Стеша молчала, удивленно смотря на княжну.
- Это хорошо, что ты ее знаешь, хотела я сказать… - начала снова княжна. - Завтра утром сходи к Прозоровским и скажи Поле, чтобы она пришла завтра же ко мне…
- К вам, ваше сиятельство? - недоумевающим тоном спросила Стеша - Только вы, ваше сиятельство, не извольте ей сказывать, что я про нее тут сболтнула… Я, может быть, и ошибаюсь, так, смекаю только, а она за то на меня осерчать может…
- Не беспокойся, не "осерчает"… - улыбнулась княжна, выговорив последнее слово в тон Стеше - Смотри же, устрой это, да так, чтобы остальная прислуга в доме князя не знала, что ты ее вызываешь ко мне… Поняла?
- Поняла, ваше сиятельство, я ее тайком позову, будьте без сумления.
- Тогда мое розовое платье можешь взять себе…
- Благодарствуйте, ваше сиятельство… - вспыхнула от удовольствия Стеша и, подскочив к княжне, схватила ее руку и поцеловала.
- Смотри, чтобы непременно завтра…
- Боюсь, забоится она, ваше сиятельство…
- Чего же она забоится? - снова в тон Стеше спросила княжна.
- Как чего-с? Начнет сумлеваться, зачем ваше сиятельство ее требуете…
- В таком случае ты ей можешь сказать, что ничего дурного от этого не будет, мне хочется только услыхать от нее самой, продолжает ли все грустить по брату княжна Варвара Ивановна… Если она мне скажет правду, я ее награжу, я могу даже устроить ее судьбу… Понимаешь?..
- Понимаю, ваше сиятельство, беспременно так и скажу, а то ведь она дура дурищей, без всякой полировки.
Княжна невольно улыбнулась этому объяснению своей полированной горничной.
- Так завтра… - повторила она.
- Слушаю-с, ваше сиятельство…
Стеша вышла.
- И зачем это Палашка понадобилась княжне? - догадывалась она, идя в свою комнату - Узнать, грустит ли княжна по брату… Тоже тень наводит, так я ей и поверю… Впрочем, мне какое дело, благо шелковое розовое платье отдала, вот я защеголяю.
Стеша даже несколько шагов сделала вприпрыжку от охватившей ее радости.
На другой день, часа в два, в будуаре, где читала княжна, появилась Стеша с каким-то таинственным видом и остановилась у притолоки двери. Княжна подняла глаза от книги.
- Что тебе?
- Пелагея здесь, ваше сиятельство…
- А, Поля! - радостно произнесла княжна. - Зови ее сюда…
- Слушаю-с…
Стеша вышла и через несколько минут вернулась с маленькой, худенькой блондинкой, девушкой лет восемнадцати.
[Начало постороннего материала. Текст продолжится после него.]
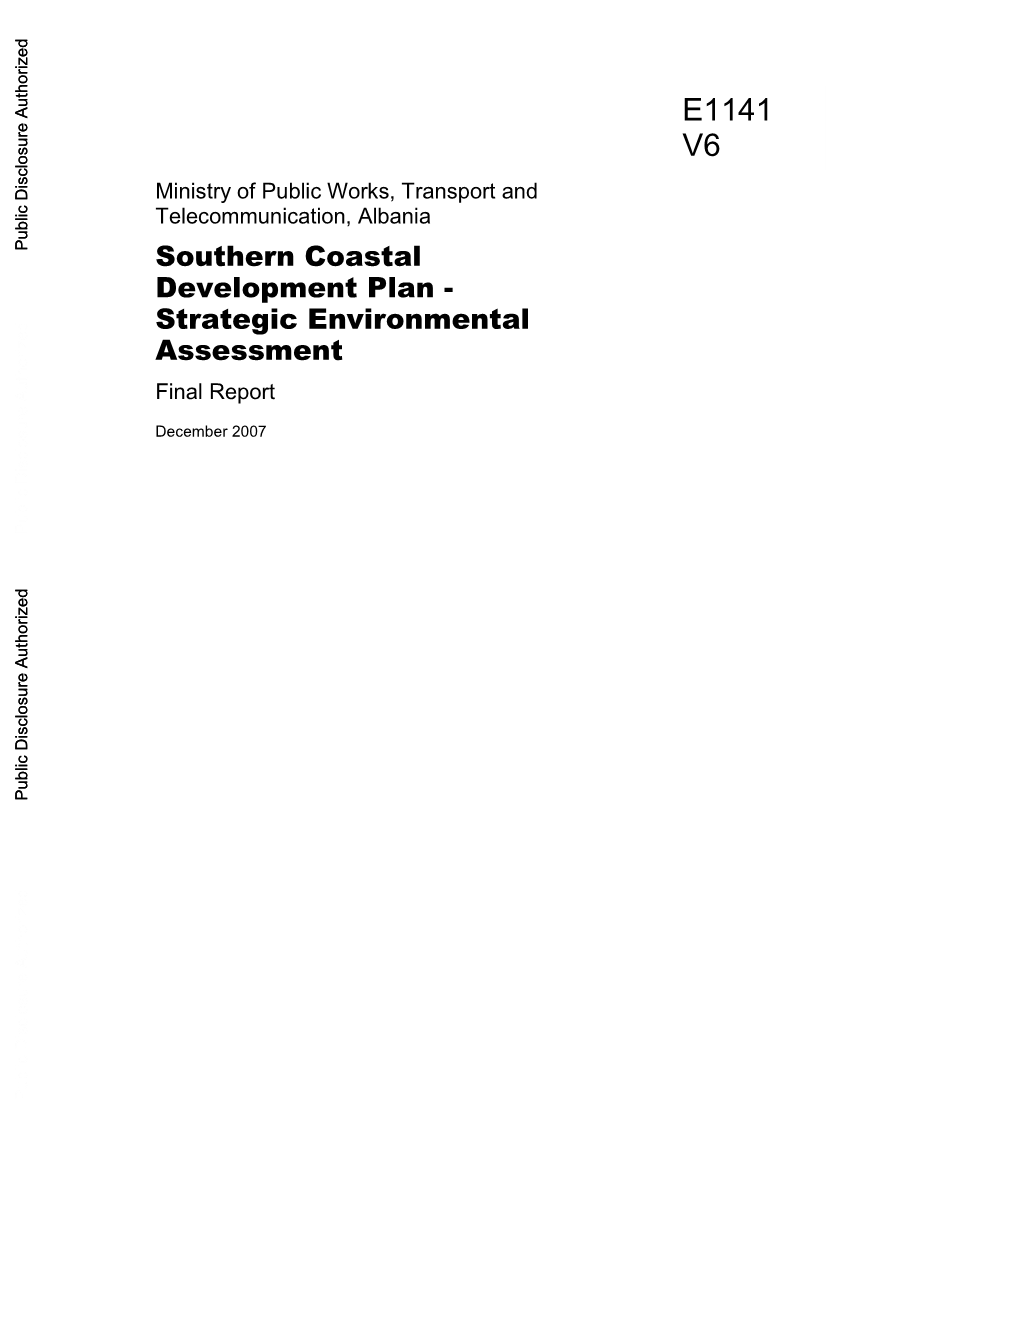 Southern Coastal Development Plan - Strategic Environmental Assessment Final Report

Светленькое, миловидное личико освещалось большими серыми глазами, наивно-испуганное выражение, которых невольно подкупало в пользу их обладательницы; слегка вздернутый носик придавал этому личику особую пикантность.
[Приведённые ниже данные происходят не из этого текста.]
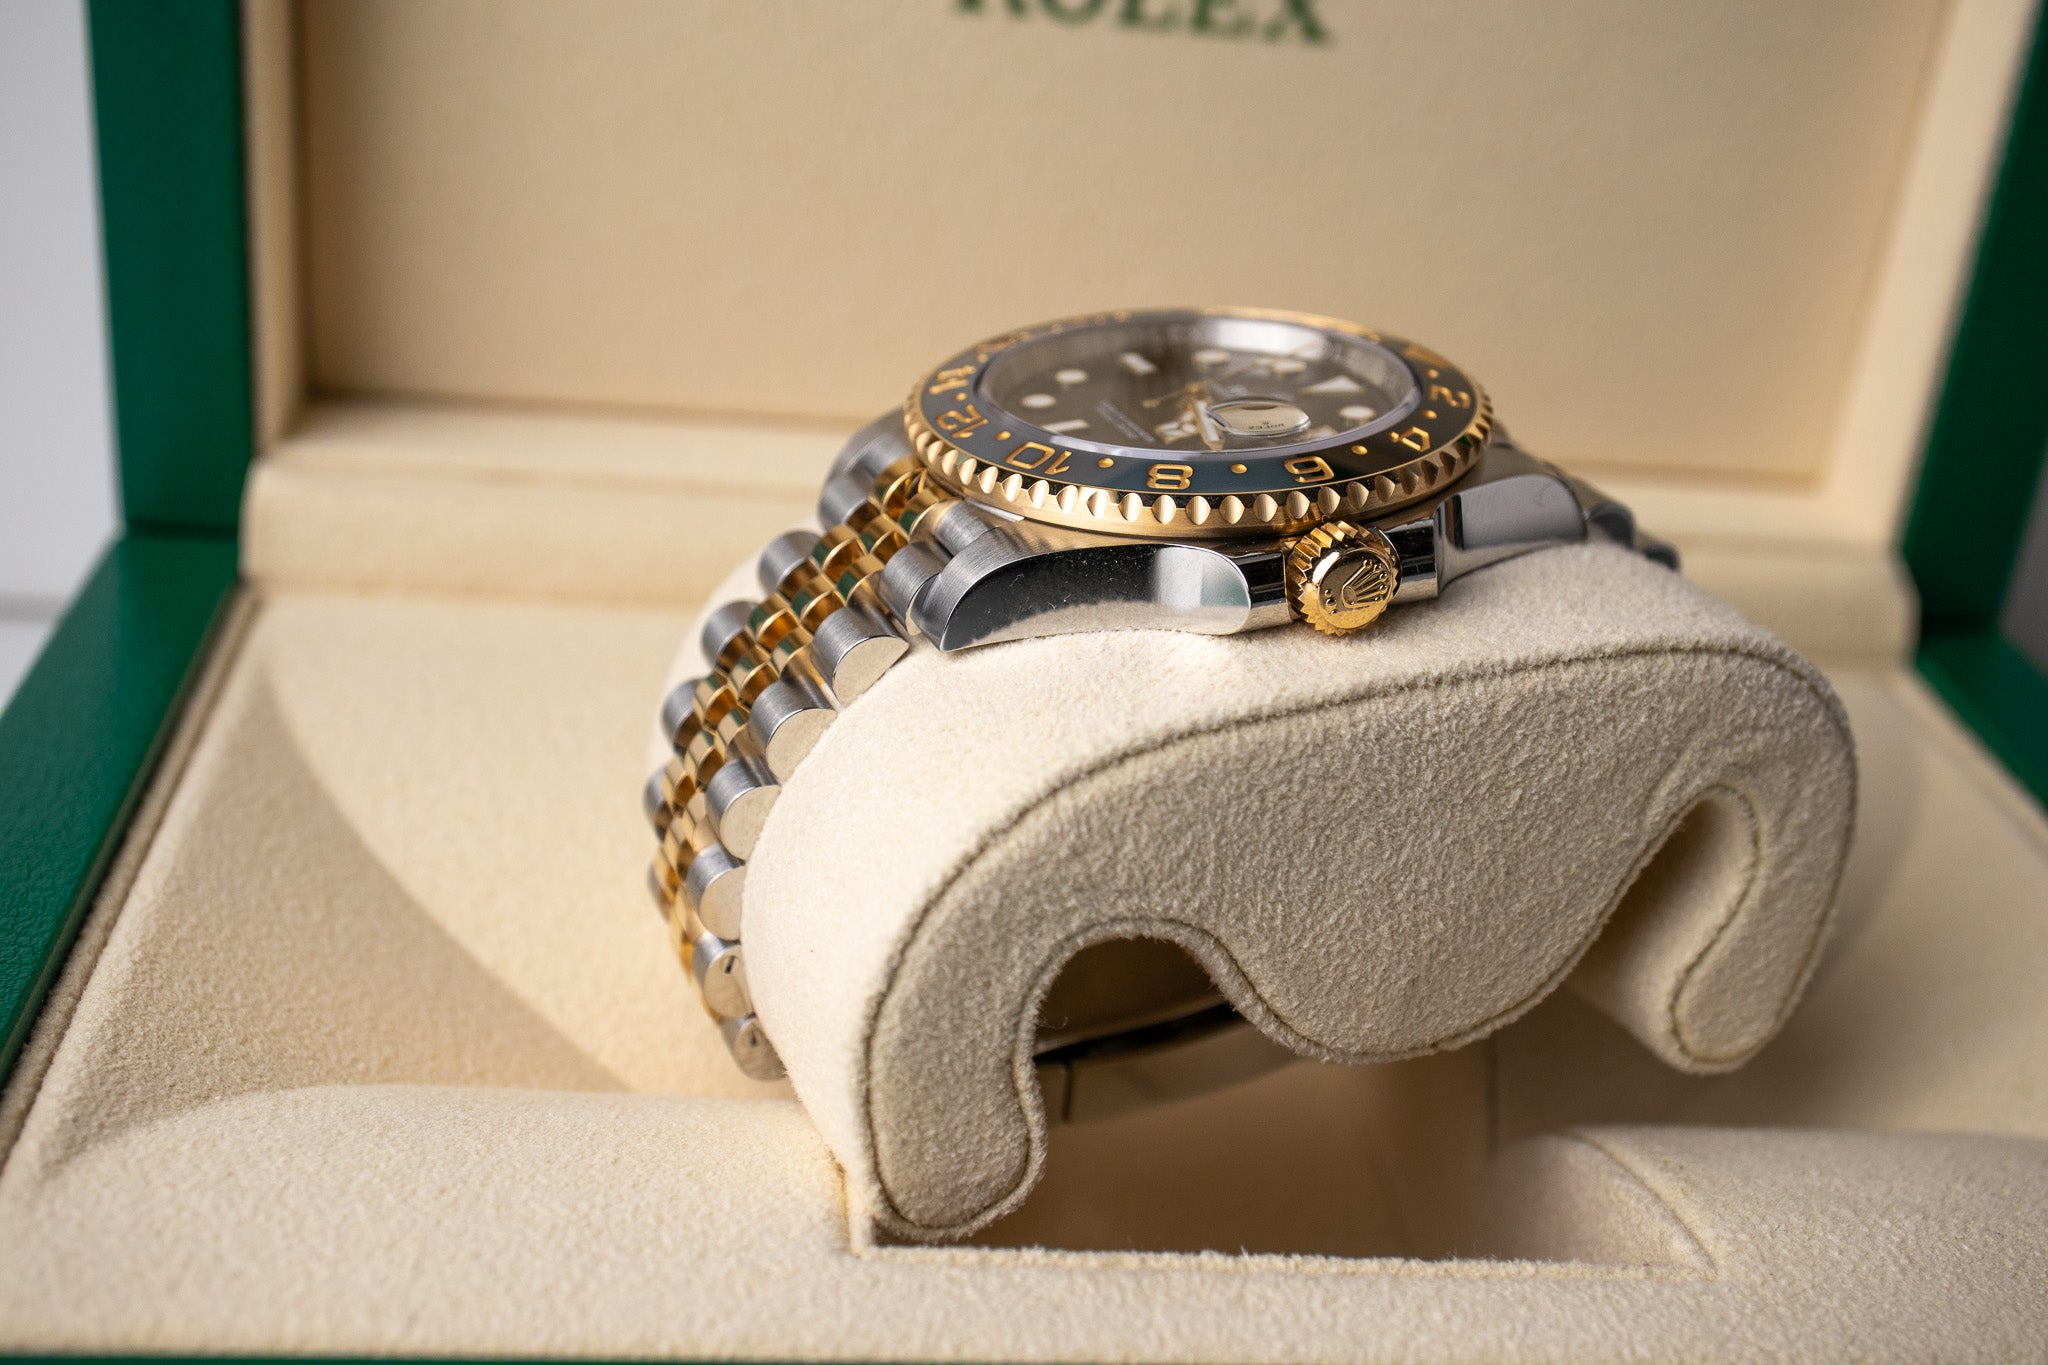 Rolex GMT Master II 126713GRNR

"Однако у Михаилы есть вкус…" - мелькнуло в уме княжны, в первый раз внимательно посмотревшей на горничную княжны Варвары Ивановны, хотя она, без сомнения, много раз встречала ее в Баратове, когда семья князя Прозоровского гостила у них два лета.
Глядя на миниатюрную фигурку Поли, княжна поняла, что никому другому нельзя было подарить платья покойной Капочки. По сложению они были совершенно одинаковы. Стеша, введя девушку в будуар, быстро удалилась,
- Здравствуйте, ваше сиятельство! - приветствовала Поля княжну Александру Яковлевну
- Здравствуй, милая, - отвечала княжна и, встав с кресла, подошла к двери будуара и, плотно затворив ее, опустила тяжелую портьеру.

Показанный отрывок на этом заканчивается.